> _Information supplied_
Content starts

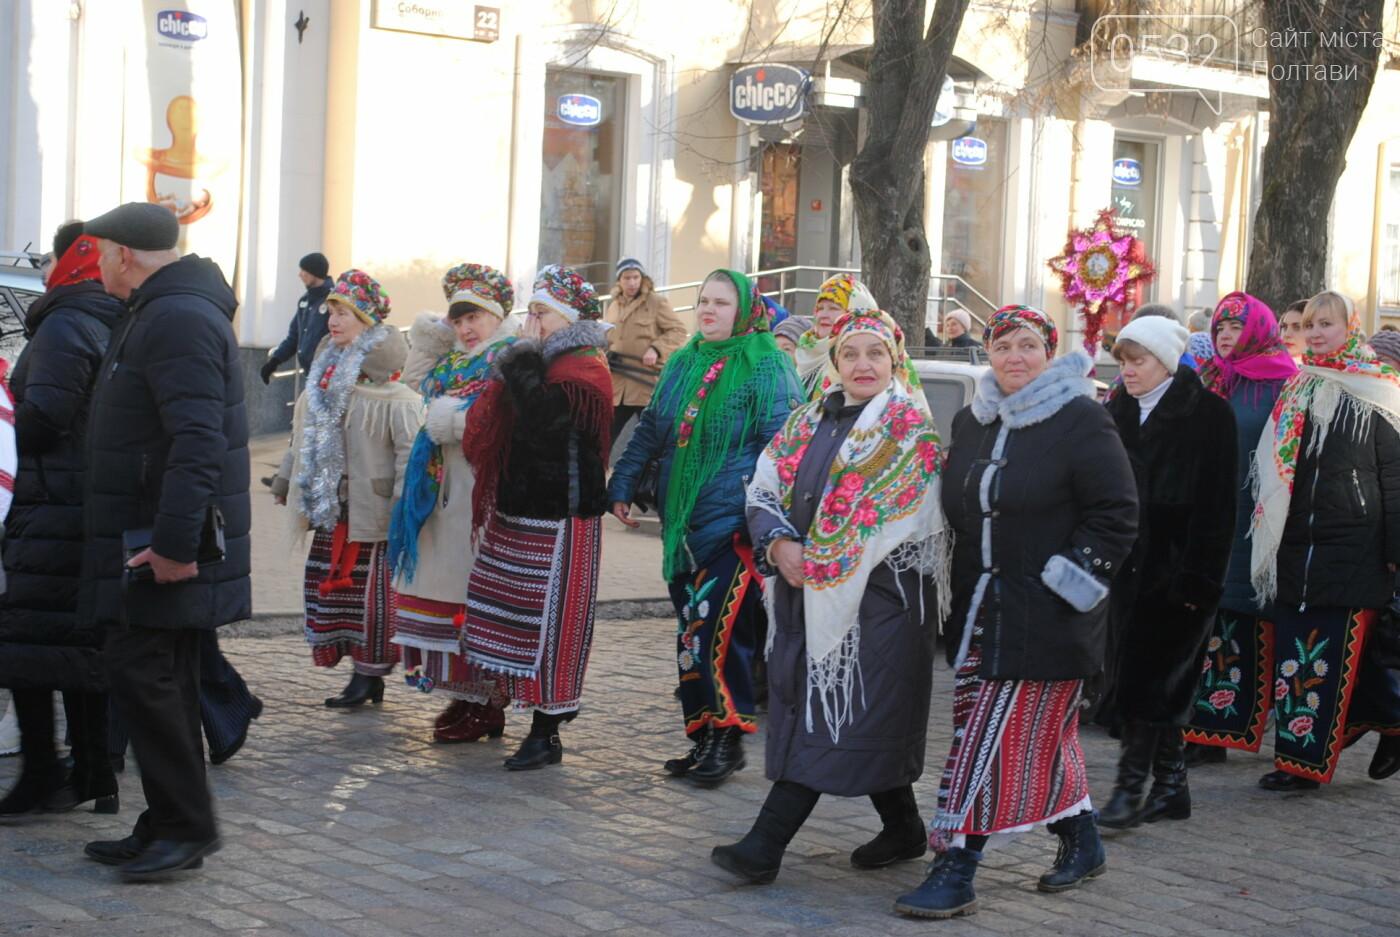 У Полтаві розгорнулося вертепне дійство з колядками та щедрівками «Різдвяна феєрія» (ФОТО), фото-7
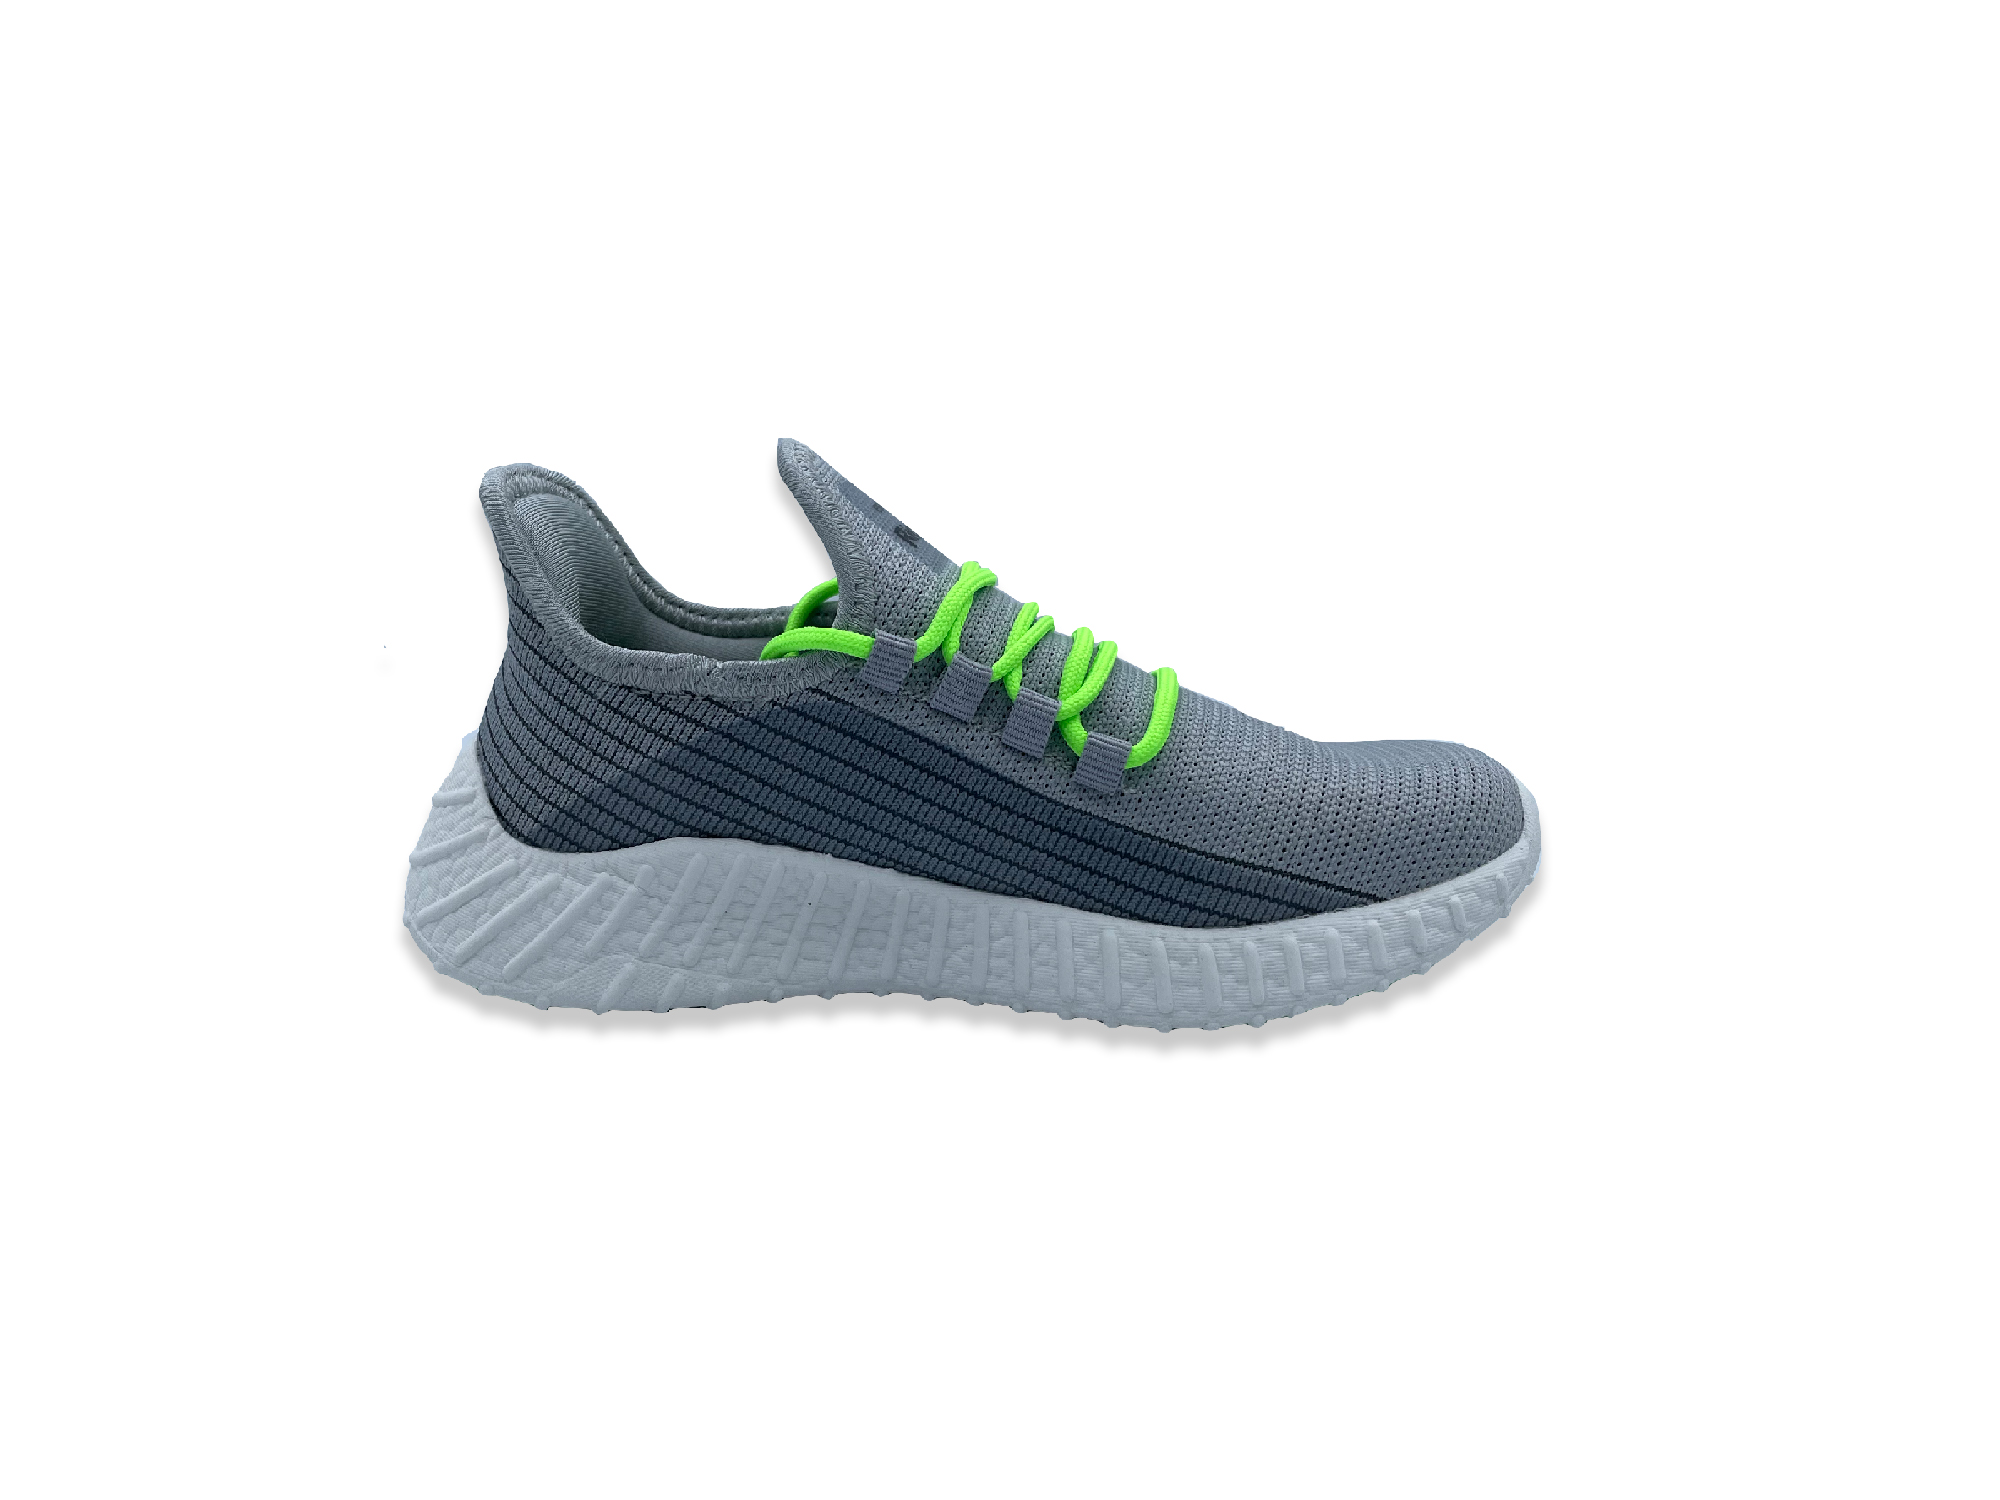 Richter 7500 1192 6110 Sneaker Hellgrau
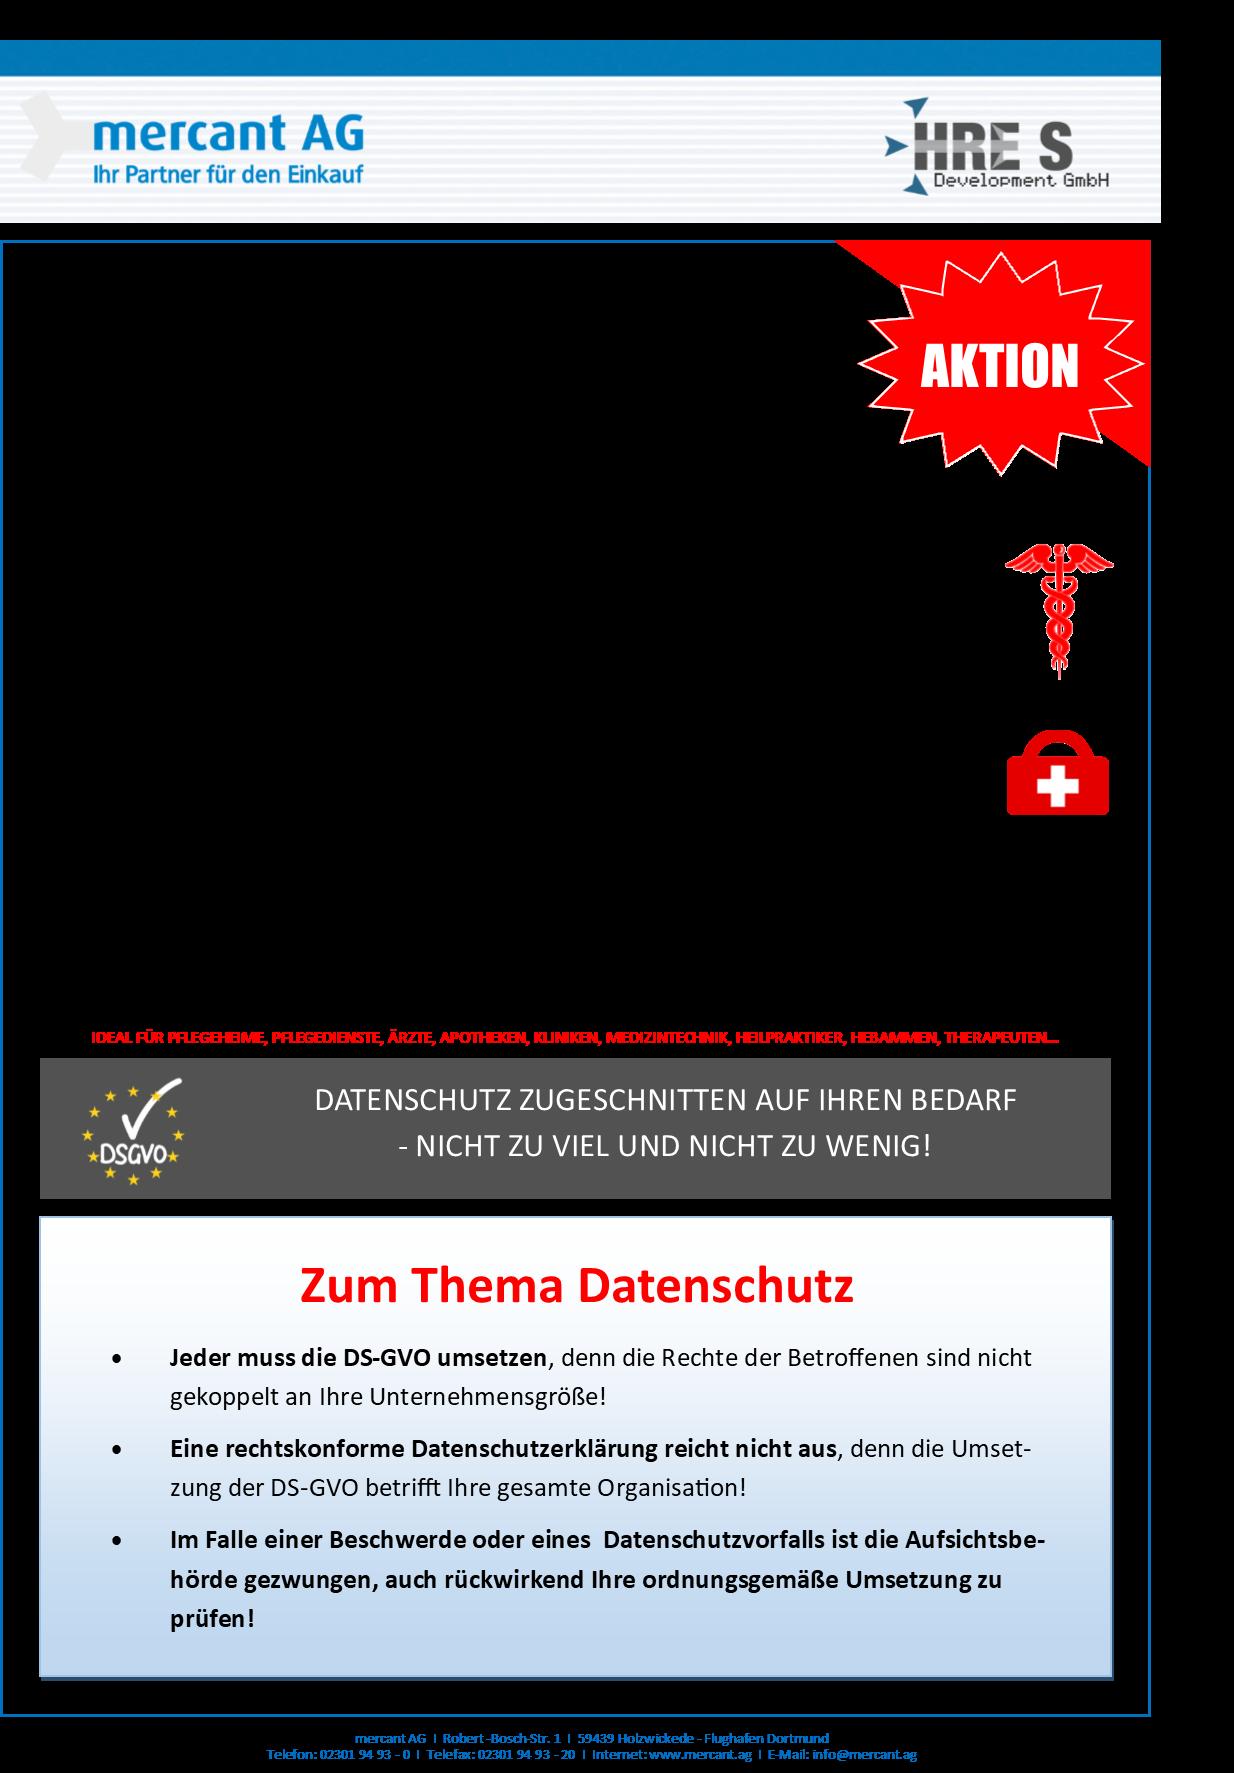 Infografik zu unseren Dienstleistungen zum Thema Datenschutz

Content ends

> _Exercise directions_
Transcribe the listing exactly; omit all images.

> _Answer_
 У Полтаві розгорнулося вертепне дійство з колядками та щедрівками «Різдвяна феєрія» (ФОТО), фото-7
 Richter 7500 1192 6110 Sneaker Hellgrau
 Infografik zu unseren Dienstleistungen zum Thema Datenschutz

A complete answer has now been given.